高温用配管材料と低温用配管材料にはどのようなものがあるか皆さんご存知でしょうか。

そんな初心者の方のためにまとめてみたので参考にして下さい。

高温用配管材料

STPG 370 などの一般炭素鋼の使用上限温度は 300 ~ 350℃であり、これを超える高温サービス用材料としては、

  • キルド鋼 (炭素鋼)
  • クロムモリブデン鋼
  • オーステナイト系ステンレス鋼

がある。

 高温配管用炭素鋼鋼管(JIS G 3456 STPT)

  • この材質は、炭素鋼ですがキルド鋼でかつリンと硫黄の不純物をSTPG材よりも低く抑えている
  • このため、使用温度の上限は、450℃程と高くなる。
  • キルド鋼とは、酸素と親和性のあるアルミあるいはシリコンを溶鋼中に添加し、十分脱酸をした鋼
  • 溶融中に脱酸をすることにより、固化する時にガスの放出がなく、静かに凝固するので組織は均一となる。
  • アルミの添加により結晶粒が微細化され、組織の均一化効果と併せて高温域まで使用可能となる。

配管用合金鋼鋼管(JIS G 3458 STPA)

  • いわゆるクロモリ鋼といわれる低合金鋼で、クロムの含有量が多いほど耐熱性は向上する。
  • 使用温度の上限は、クロムとモリブデンの含有量により400~550℃程度です。
  • この材料は耐熱性能は優れていますが、クロムの含有量およびパイプの肉厚に応じて溶接部の予熱あるいは後熱処理が必要となる。
  • 詳しくは、ASME B31.3 Process Piping Code を参照のこと。

 配管用ステンレス鋼管(JIS G 3459 SUS-TP)および配管用溶接大径ステンレス鋼管(JIS G 3468 SUS-TPY)

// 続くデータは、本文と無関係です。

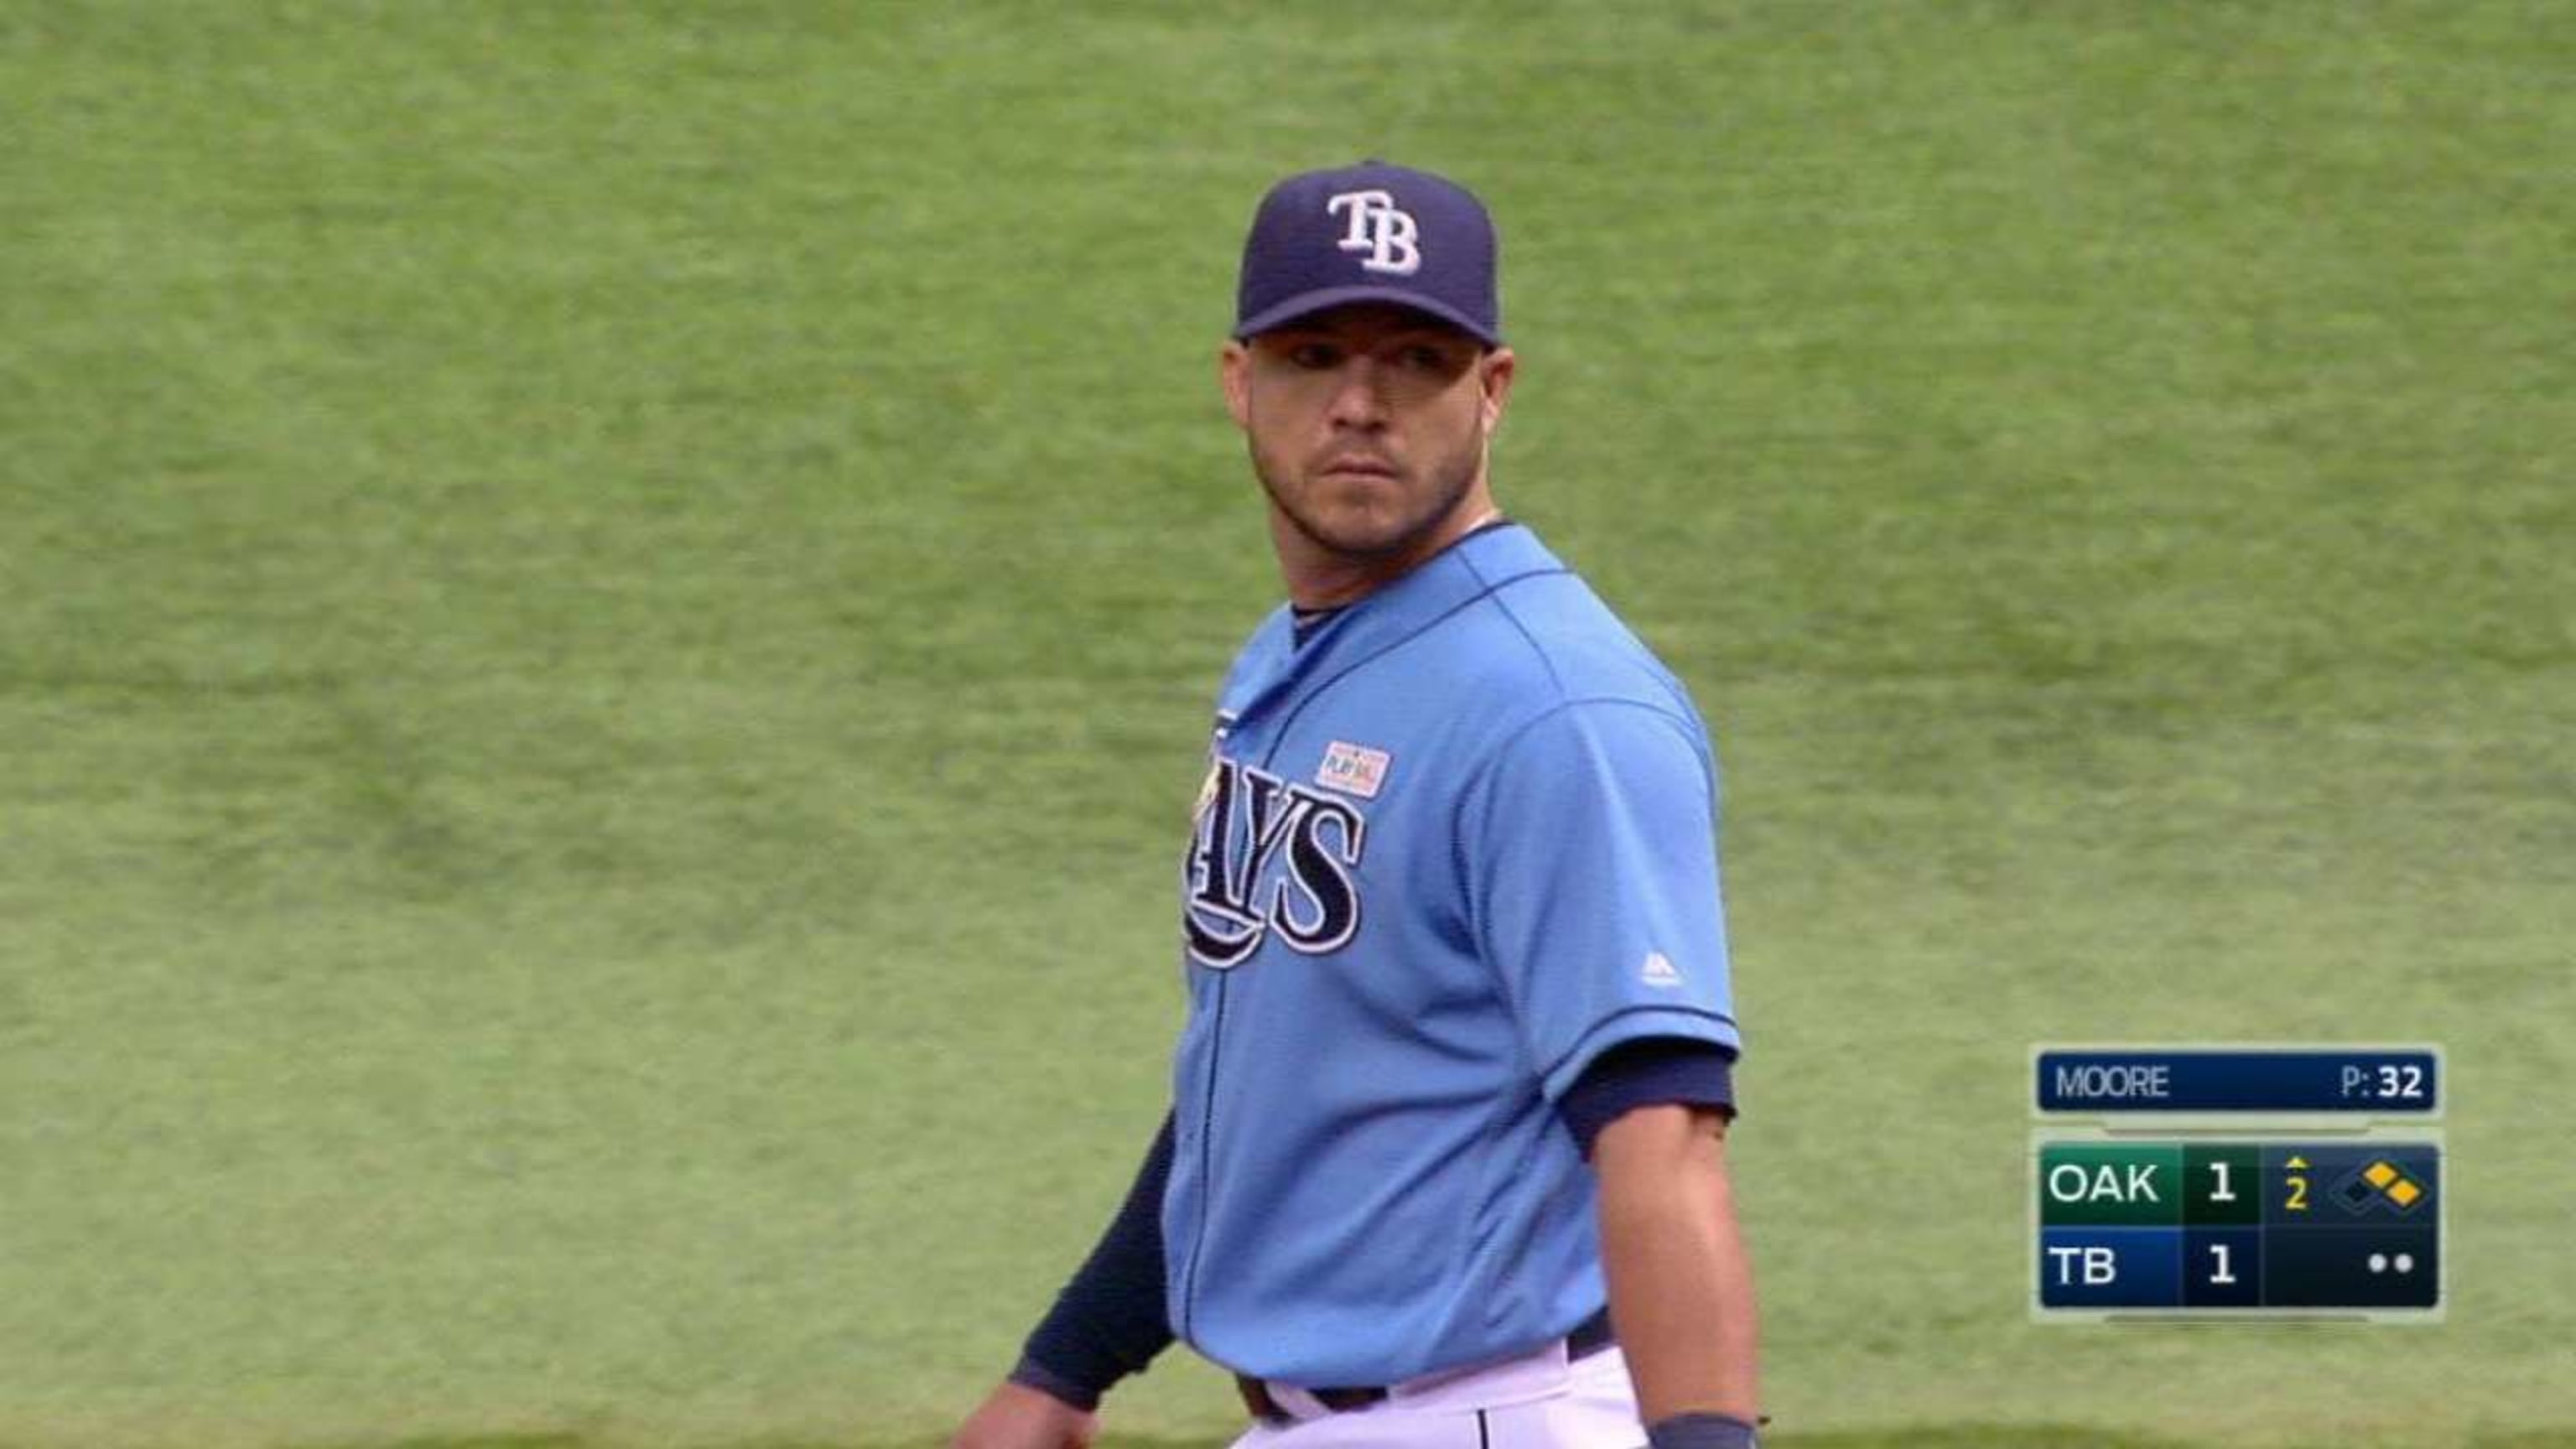 Steve Pearce conquered the Tropicana Field catwalk and caught a

  • オーステナイト系ステンレス鋼は、高温用としてのほかに低温用および耐食鋼として幅広く利用されている。
  • 高温用として用いる場合は、以下の注意が必要
  • 一般のオーステナイト系ステンレス鋼の上限温度は、400℃程度です。
  • 特に、低温用として用いられる低炭素オーステナイト系ステンレス鋼(たとえば SUS304 LTP)は、高温強度の低下が著しいので一般のステンレス鋼よりは上限温度が低く、それを超えないようにしなければならない。
  • オーステナイト系ステンレス鋼の場合、長時間 350~800℃にさらされると粒界腐食割れを生じ、750℃近辺では短時間に粒界腐食割れを生じる。このため、SUS 304 TP のような汎用オーステナイト系ステンレス鋼の場合は、上限温度を400℃程度にしなければならない。
  • これより高い温度で使用する場合は、粒界腐食割れに抵抗性のある Mo、Ti、Nb を添加元素に含むオーステナイト系ステンレス鋼の選定が必要となる。
  • たとえば、添加元素に Mo を含む SUS 316 TP および SUS 317 TP、Ti を含むSUS 321 TP、Nb を含む SUS 347 TP など。
  • この場合でも、SUS 321TP および SUS 347 TP の上限温度は 500 ~ 550℃
  • 500℃を超える温度で使用する場合は、炭素の含有量を 0.04%以上とするか、高炭素オーステナイト系ステンレス鋼の SUS 321 HTP あるいは SUS 347 HTP を用い、かつパイプ製造時に 1,000 ~ 1,100℃付近での固溶化熱処理が必要となる。
  • このような高温域で用いられるステンレス鋼は、溶接部についても同様に固溶化熱処理が必要。
  • 高温サービス用ステンレス鋼の熱処理の詳細については、JIS あるいは ASMEの規格類を参照

低温用配管材料

低温用配管材料として

  • 低温配管用鋼管  JIS G 3460 (アルミキルド鋼およびニッケル合金鋼、STPL)、
  • 配管用ステンレス鋼管  JIS G3459 (SUS-TP)
  • 配管用溶接大径ステンレス鋼管  JIS G 3468 (SUS-TPY)

が使用されている。

STPL 材の場合の最低使用温度は、

  • STPL380 が -45℃
  • STPL450 が -100℃
  • STPL 690 が -96℃

この温度はそれぞれの材質の遷移温度(せんいおんど)。

遷移温度とは

鋼が低温にさらされると衝撃値が低下し、破壊した破面は脆性破面(ぜいせいはめん)になります。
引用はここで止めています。